#### Exercise data:
━━━━━━━━━━━━━━━━━━━━━━━━━━━━━━

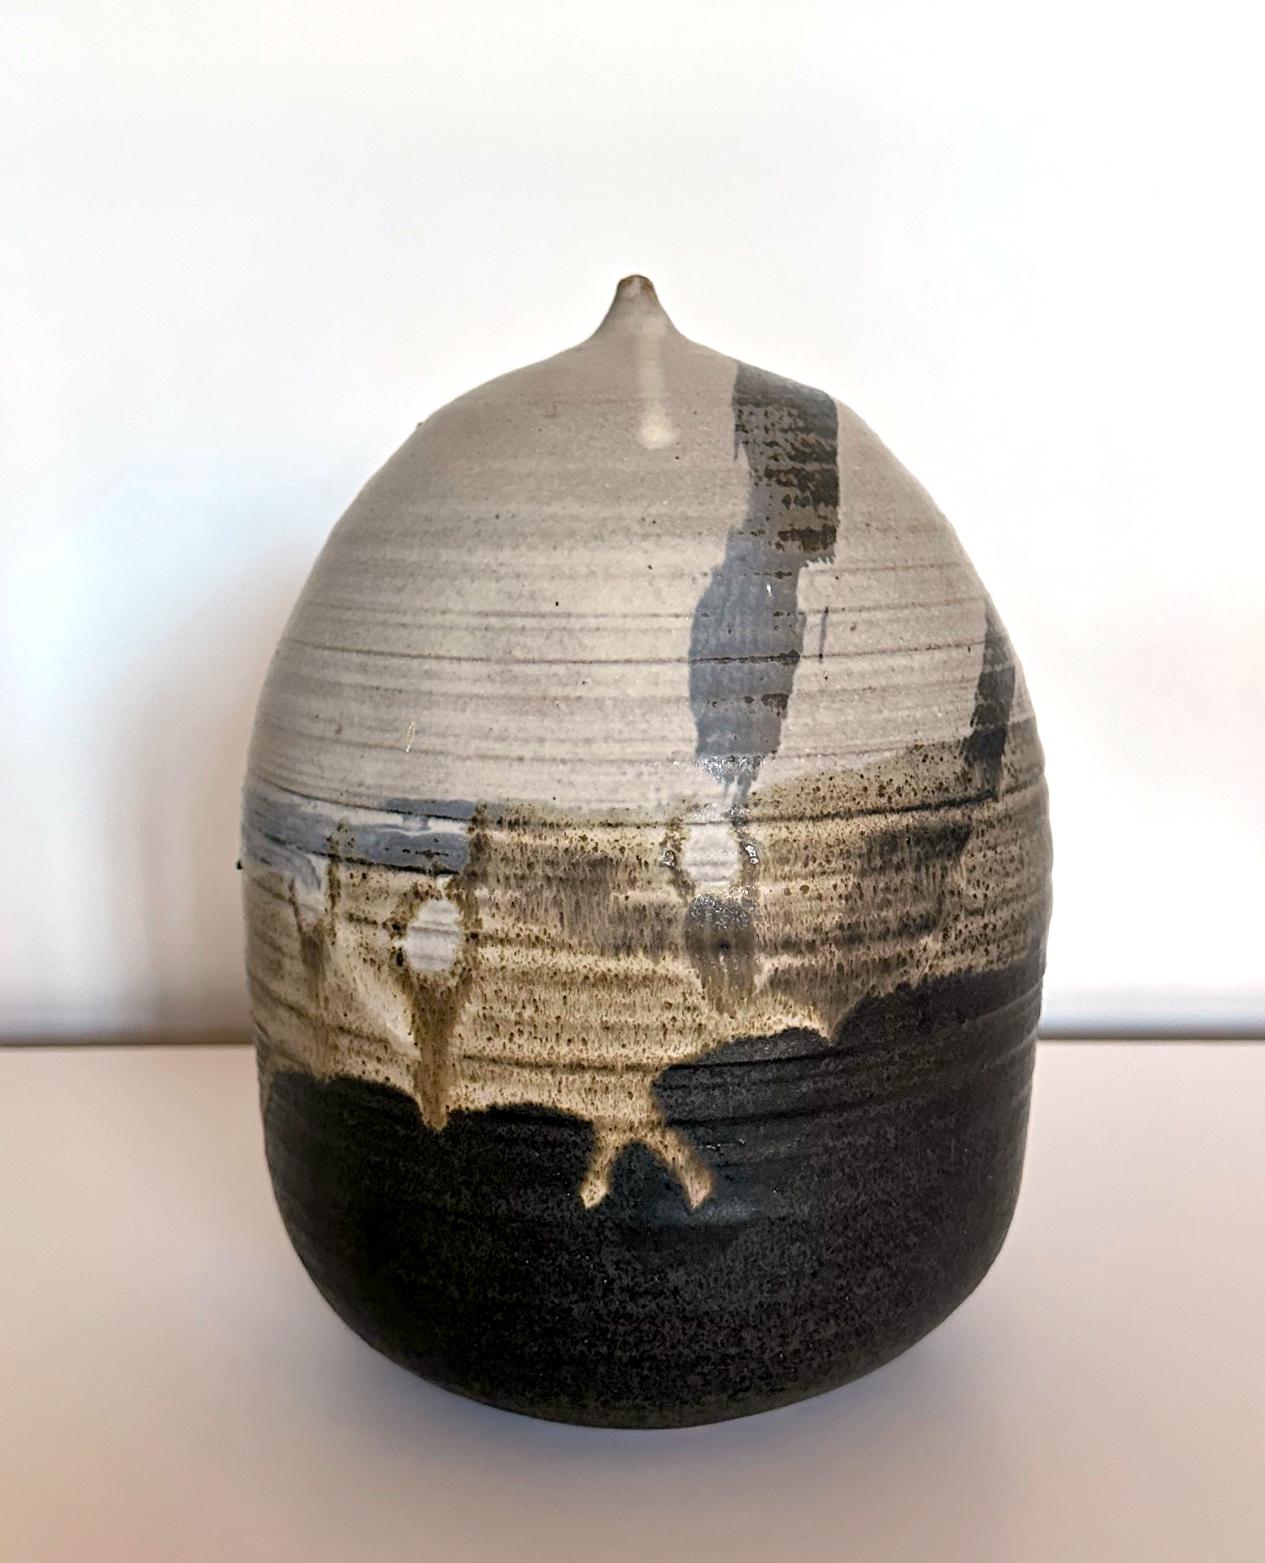 A fantastic ceramic closed-form pot with rattle by Japanese American artist Toshiko Takaezu (American, 1922 - 2011). 
The story: In the 1980s, potter Lola Rae invited Toshika to her ceramic studio and kiln in Ojai, CA to teach a class. Lola Rae had
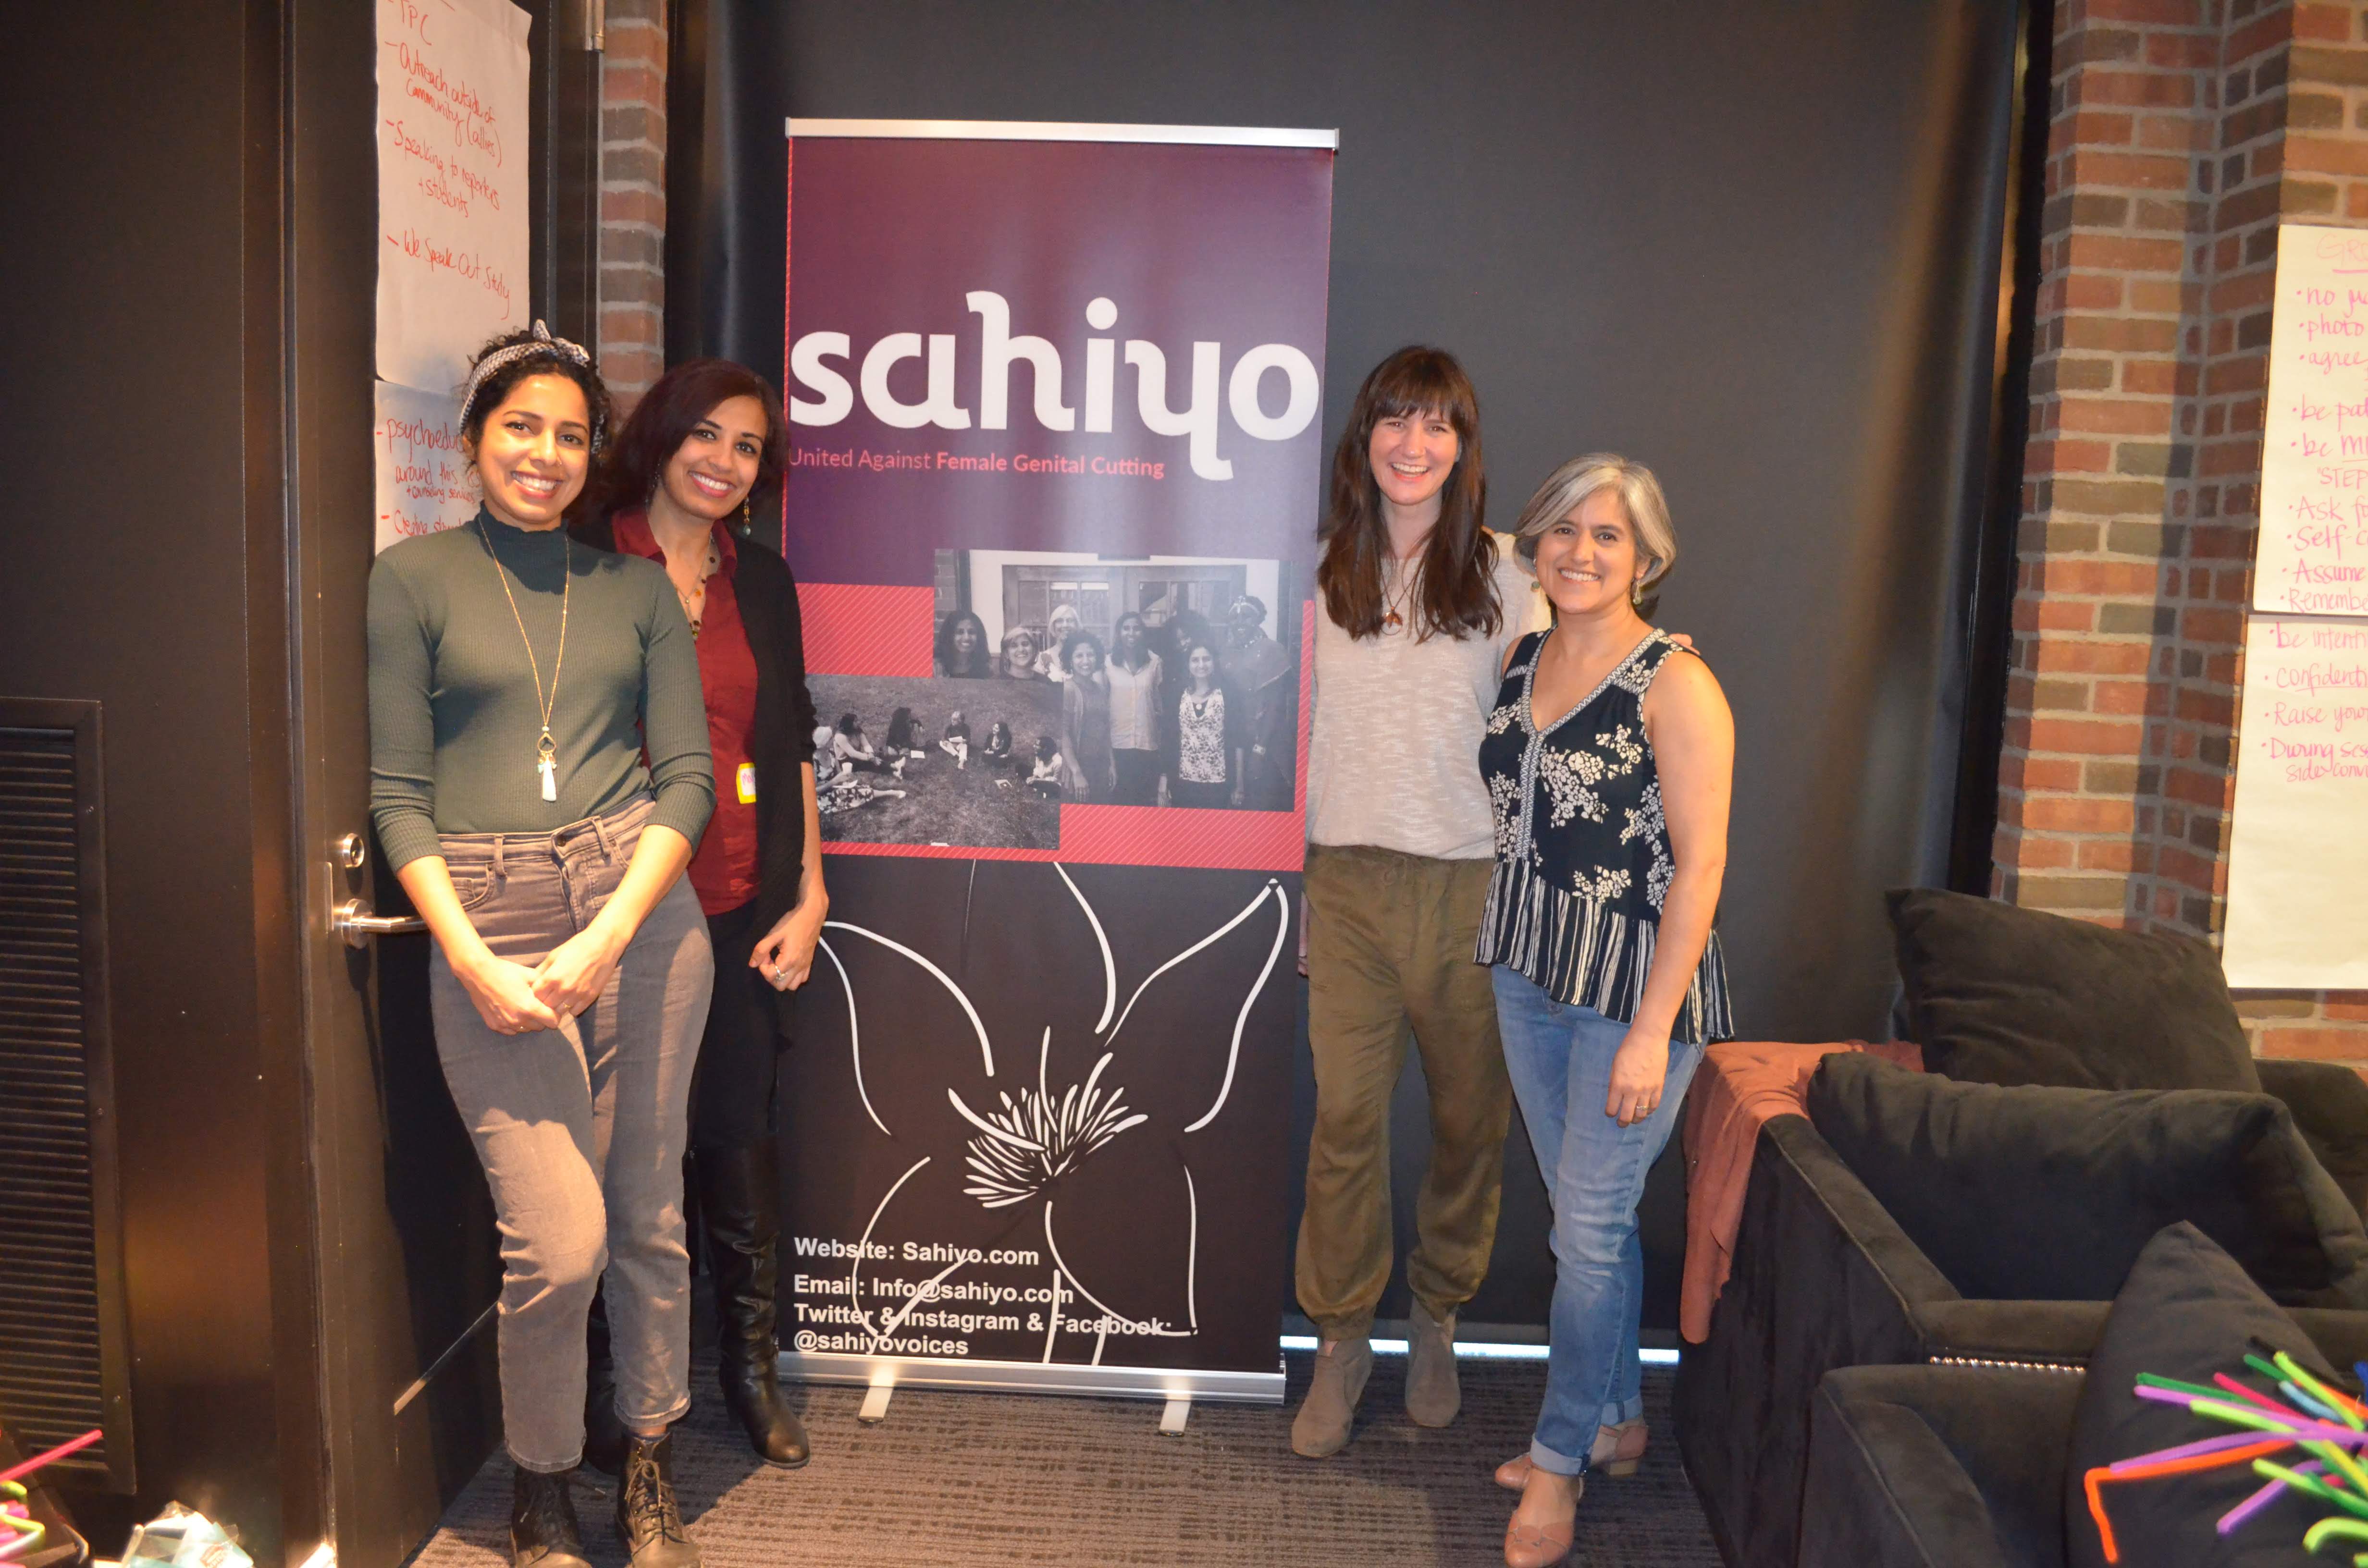 Why I care about khatna: Reflections from the 2019 Sahiyo Activist Retreat

━━━━━━━━━━━━━━━━━━━━━━━━━━━━━━

#### Prompt:
With pictures excluded, the material is to be written out exactly as given.

#### Answer box:
 A fantastic ceramic closed-form pot with rattle by Japanese American artist Toshiko Takaezu (American, 1922 - 2011). 
The story: In the 1980s, potter Lola Rae invited Toshika to her ceramic studio and kiln in Ojai, CA to teach a class. Lola Rae had
 Why I care about khatna: Reflections from the 2019 Sahiyo Activist Retreat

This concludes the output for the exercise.